SAPE’s 9MFY20 missed expectations again on higher drilling segment losses and lower JV profits. E&C margins continued to be razor thin leaving little room for error. Operationally, losses in 4QFY20 will likely narrow with higher drilling rig utilization and a rebound in JV contribution as Sapura Topazio has secured a 1-year contract extension while SapuraOMV expected to break even. With limited near term catalyst in sight, maintain Hold but with a lower TP of RM0.28.

More Misses in 3QFY20

SAPE’s 9MFY20 core loss missed expectation again, despite us projecting losses that were already significantly higher than the street at RM357m vs. consensus RM220m. The deviation was due to the razor thin E&C EBITDA margin which stood at 1% in 9MFY20 (vs. our previous forecast of 2%). Drilling losses also widened as the number of working rigs fell to 5 units (2QFY20: 6 units), which was rather unexpected. Sapura Topazio also saw 2.5 weeks special periodic survey (SPS) downtime leading to a drop in JV profit. The JV contribution was also dragged down by a RM17m write off in SapuraAcergy investment. On the flip side, the SapuraOMV JV reported a RM14m profit (vs. RM6m loss) due to an overestimation of depreciation following the finalization of purchase price made earlier by OMV. Net gearing remained near 0.7x level but net debt position has notably increased to RM9.9bn (4QFY19: RM8.9bn)

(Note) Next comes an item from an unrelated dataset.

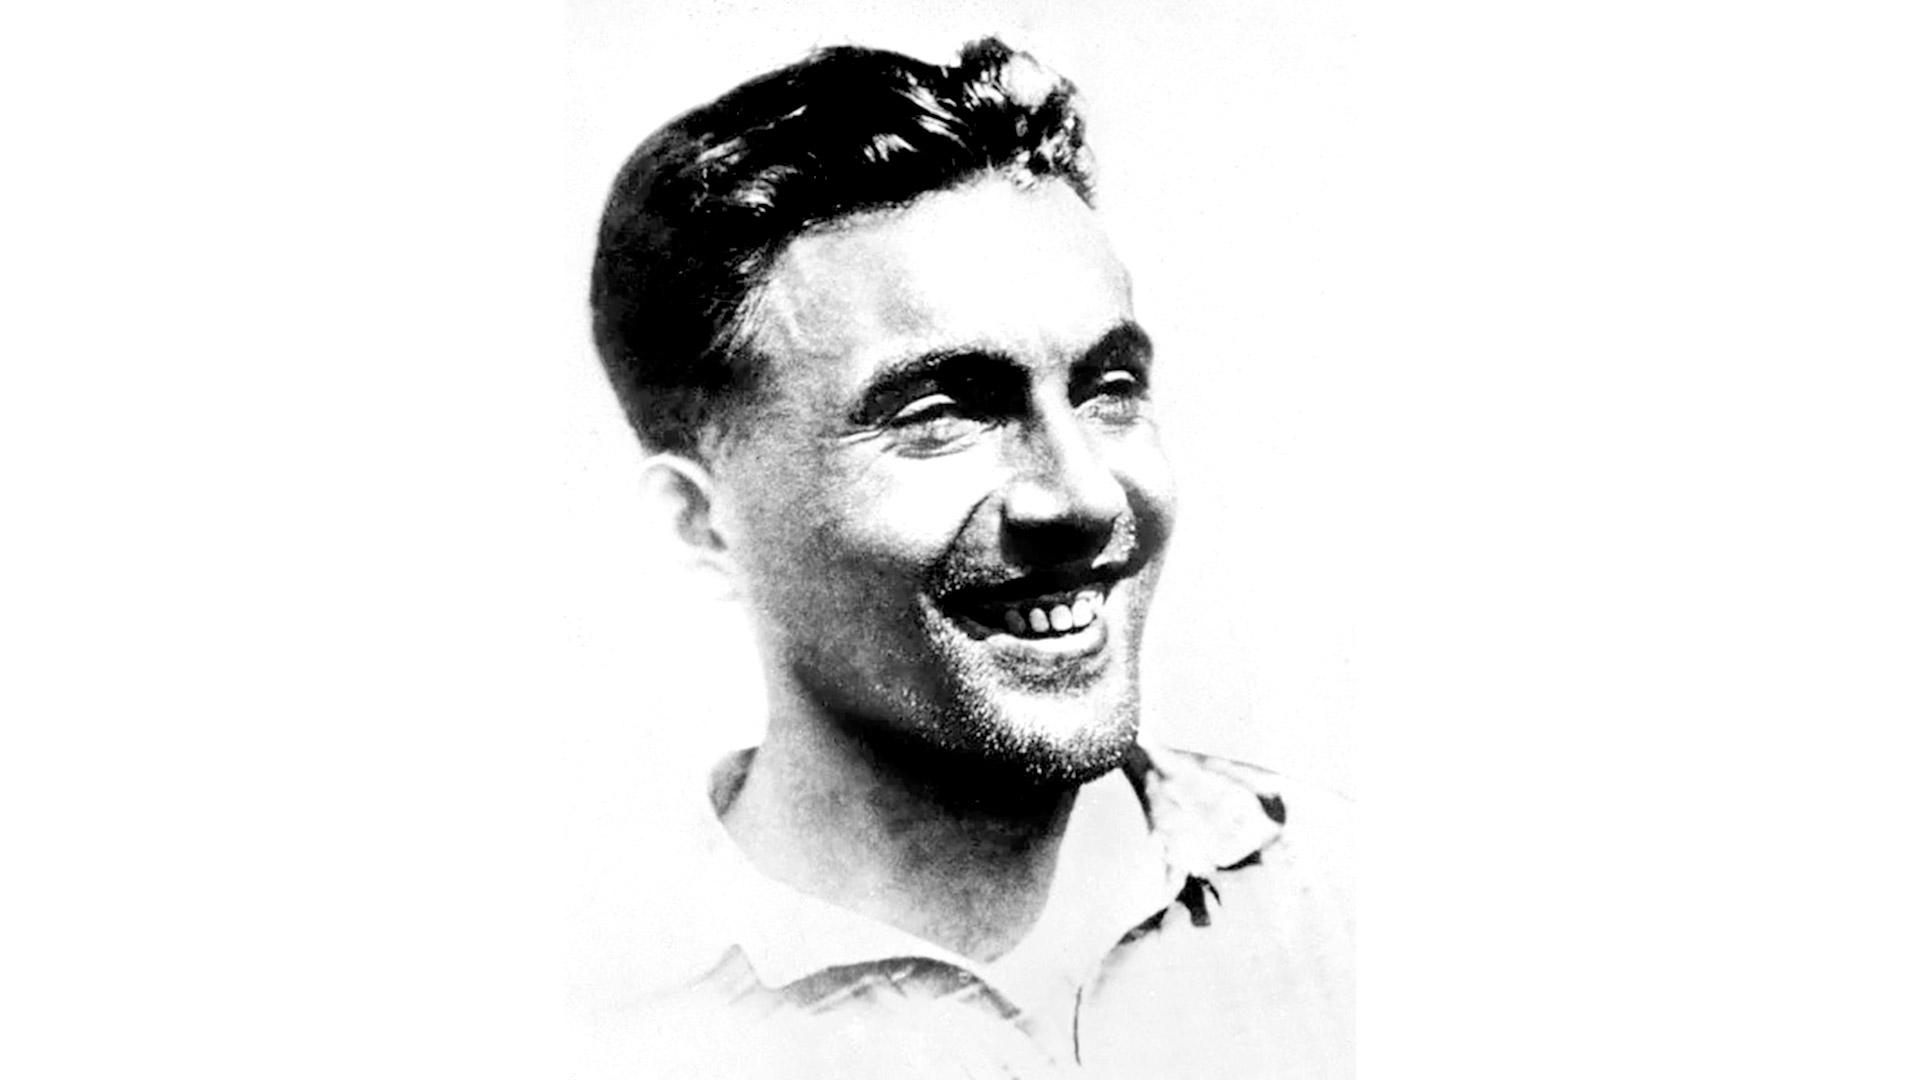 El periodista ahorcado por los nazis: las torturas, el horror y el libro  clandestino de un condenado a muerte - Infobae

FY21 Profit Turnaround Looks Out of Reach

We increase our projected FY20 losses by 27% as we lower our E&C EBITDA margin to 1% (from 2%), and assume weaker earnings from Brazilian operations, factoring in lower renewal rates for Sapura Topazio and the near 1 month downturn from its SPS exercise. We now assume FY21E to register a RM41 loss (from a breakeven earlier) and lower FY22E profit forecasts by 25% mainly on a less aggressive margin improvement.

Maintain Hold

The stock price has been muted despite the recent O&G rally as business recovery still looks quite a distance. We expect recovery in E&C margins to only materialize from 2HFY21 onwards with major projects gradually moving to the higher execution margin phase. We maintain our Hold call until clearer signs of an earnings recovery emerges. We lower our SOTP-based 12- month TP to RM0.28 (from RM0.30).

RM615m Contract Win

Separately SAPE announced contract wins comprising E&C contracts based in Malaysia, Mozambique and Brazil, consisting of i) EPCC+I for Phase 3 faciltiies in North Malay Basin to be completed by 2QFY22, ii) subsea installation vessel to be completed in 4QFY21, and iii) contract extension for Sapura Topazio for 1 year (ending 4QFY21). SAPE also announced an extension contract for Sapura Esperanza with Sabah Sarawak Shell to drill 6 wells for Malikai’s Phase 2 campaign. With these new contracts in hand, the group’s current outstanding orderbook is at RM15.1bn, slightly lower than RM16.9bn in 2QFY20.

Risks to Call

Key downside risks include sharp decline in global oil prices, delay in project execution and weaker drilling rig utilisation.